Another citizen in trouble, time to chop up some guards.

Collecting all the flags from each zone of the game is one of the optional things to do.

Beyond these changes, the rest of the side missions and optional objectives are identical to the console versions - you can spend time exploring and hunting flags and save citizens in order to get help from the locals to shake the guards when you are in a hurry. There is also the optional objective of hunting down and killing Templars who loiter around the play areas. Each of these optional objectives counts towards the full completion of the game, but sadly there are no XBox 360-style achievements to pad out your gamerscore as the game is not Live-enabled nor is it compatible with the Steam's score system. This takes away some of the reward for hunting down all of these elusive objectives.

Controls can be freely remapped, and the default ones work surprisingly well, considering the difficulties developers face when trying to convert a dual analog pad control to WSAD and the mouse. Playing with the default controls requires some finger acrobatics and practice, but overall Assassin's Creed succeeds very well in translating the controls to the PC. It's clear that a lot of thought has gone into the control scheme, and once you get used to it, it works great. You also have the option of plugging in the XBox 360 controller, if you prefer the original control layout. Personally I never had the urge to return to the gamepad as mouse is a far superior tool for controlling the camera.

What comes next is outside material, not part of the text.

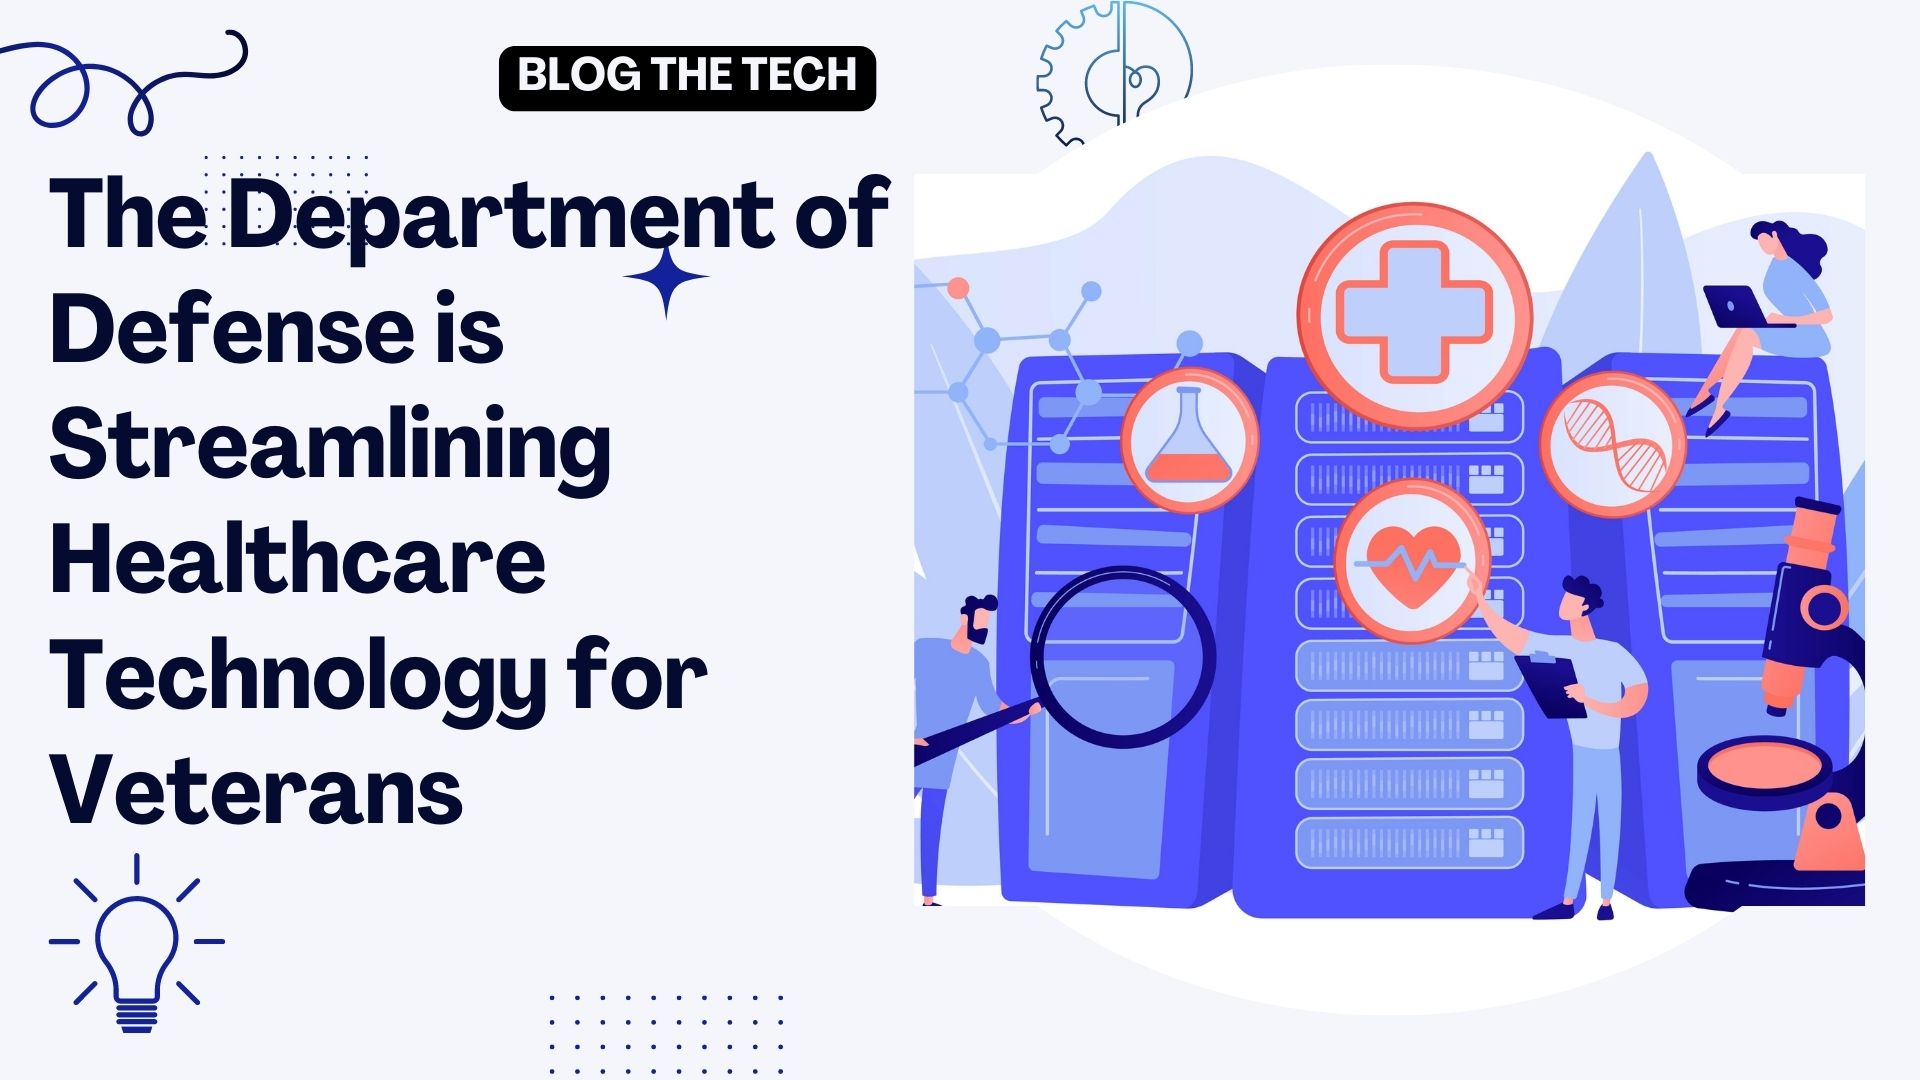 The Department of Defense is Streamlining Healthcare Technology for Veterans
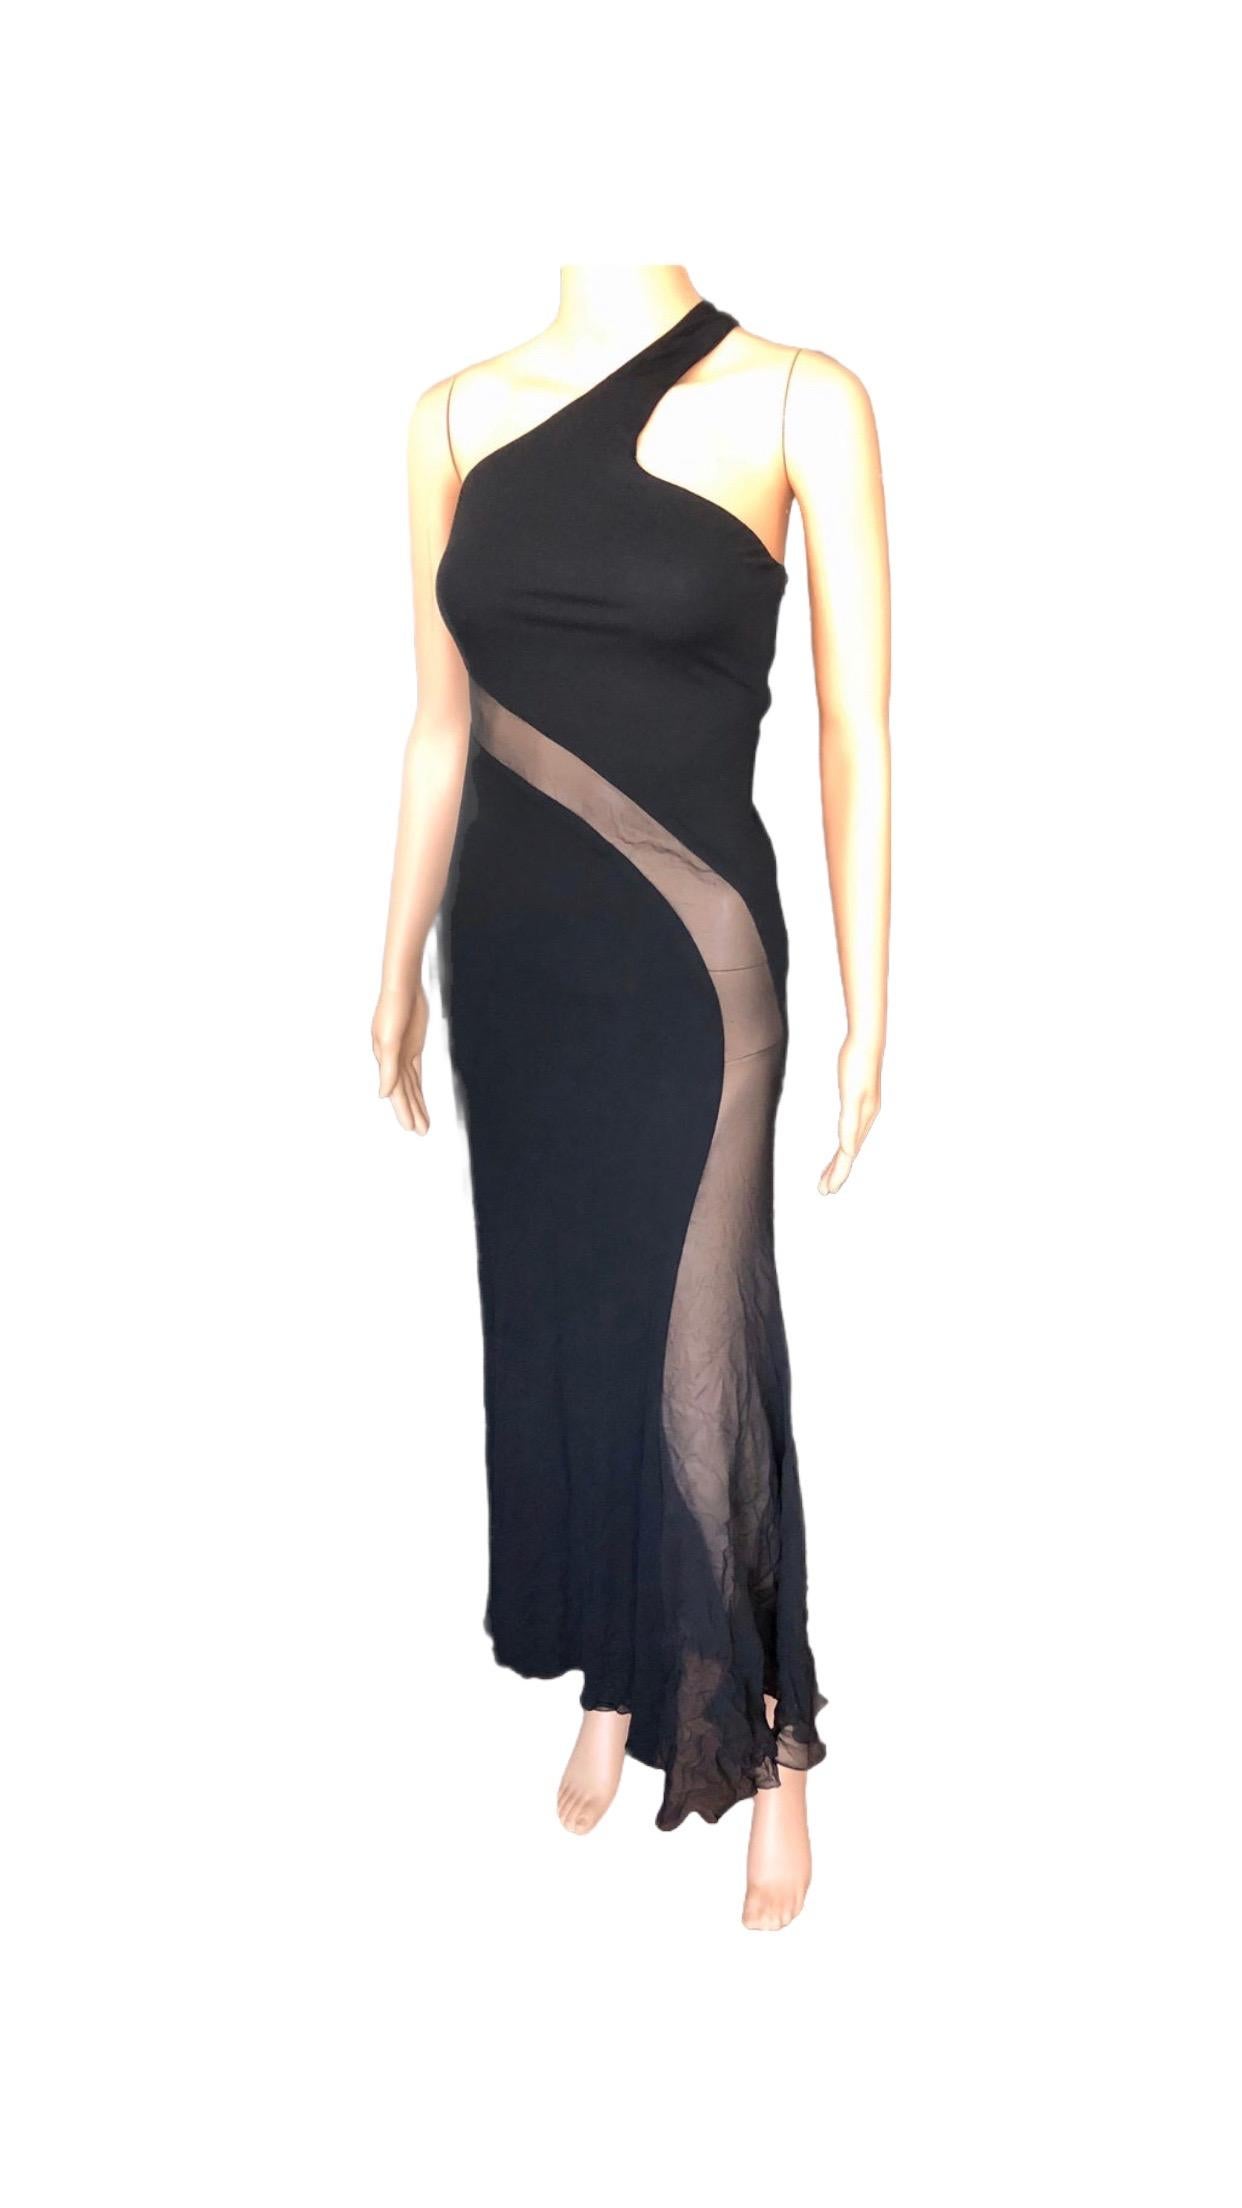 Versace Sheer Cutout Panel Black Evening Dress Gown For Sale 2

Overall, while the game has improved from the consoles, it's still fundamentally same and offers nothing really new if you have already seen it all on PS3 or Xbox 360.

Minor Flaws

Another annoying archer eliminated.

Sadly the conversion, while good, is not completely perfect. The initial reports are true in that you can only play in widescreen - either with a 16:9 or 16:10 widescreen monitor, or in a "letterbox" mode with black bars on a normal 4:3 display. This is obviously a design decision as the whole game has been designed around this aspect ratio on the consoles. I guess a full-blown support for both wide and normal aspect ratio displays would have been the perfect solution, but personally I didn't mind the black bars, and as almost every new PC display is wide, this is mostly a non-issue. If it really bothers you, go buy a widescreen monitor - you won't regret it as the extra effective screen estate is always good.

Then there is the age-old issue of cutscenes and the ability to skip them. Assassin's Creed decides not to allow you to skip anything, and having played the game already on the consoles, sitting through the long scenes of exposition gets annoying. Console versions had the exact same flaw, so this is nothing new to the PC. In a way I can understand the developers point of view - he wants you to see all the great stuff that the game offers. At the same time I don't want to watch the exact same bit of talking for the third or fourth time over. Best compromise might have been a specific "Allow skipping of cutscenes" option - first time players would probably watch through everything once anyway, and the rest would find the option quickly enough and be able to bypass bits that they have already seen.

The rest of the user interface is also quite faithful to the console version - to the point of being a bit unwieldy. It does it's job and properly displays PC-specific control aids, but such "extra features" as exiting the game to the desktop is hidden to the very top level of main menu. To get there you first have to exit from the city to the user interface of the Animus machine, then exit that and get up with your "real" self to open up the option to quit the game. Only then you are back to the main menu where you can exit to desktop. In practice just hitting ALT+F4 once you have passed a point where the game autosaves works fine, so this is mostly a cosmetic flaw.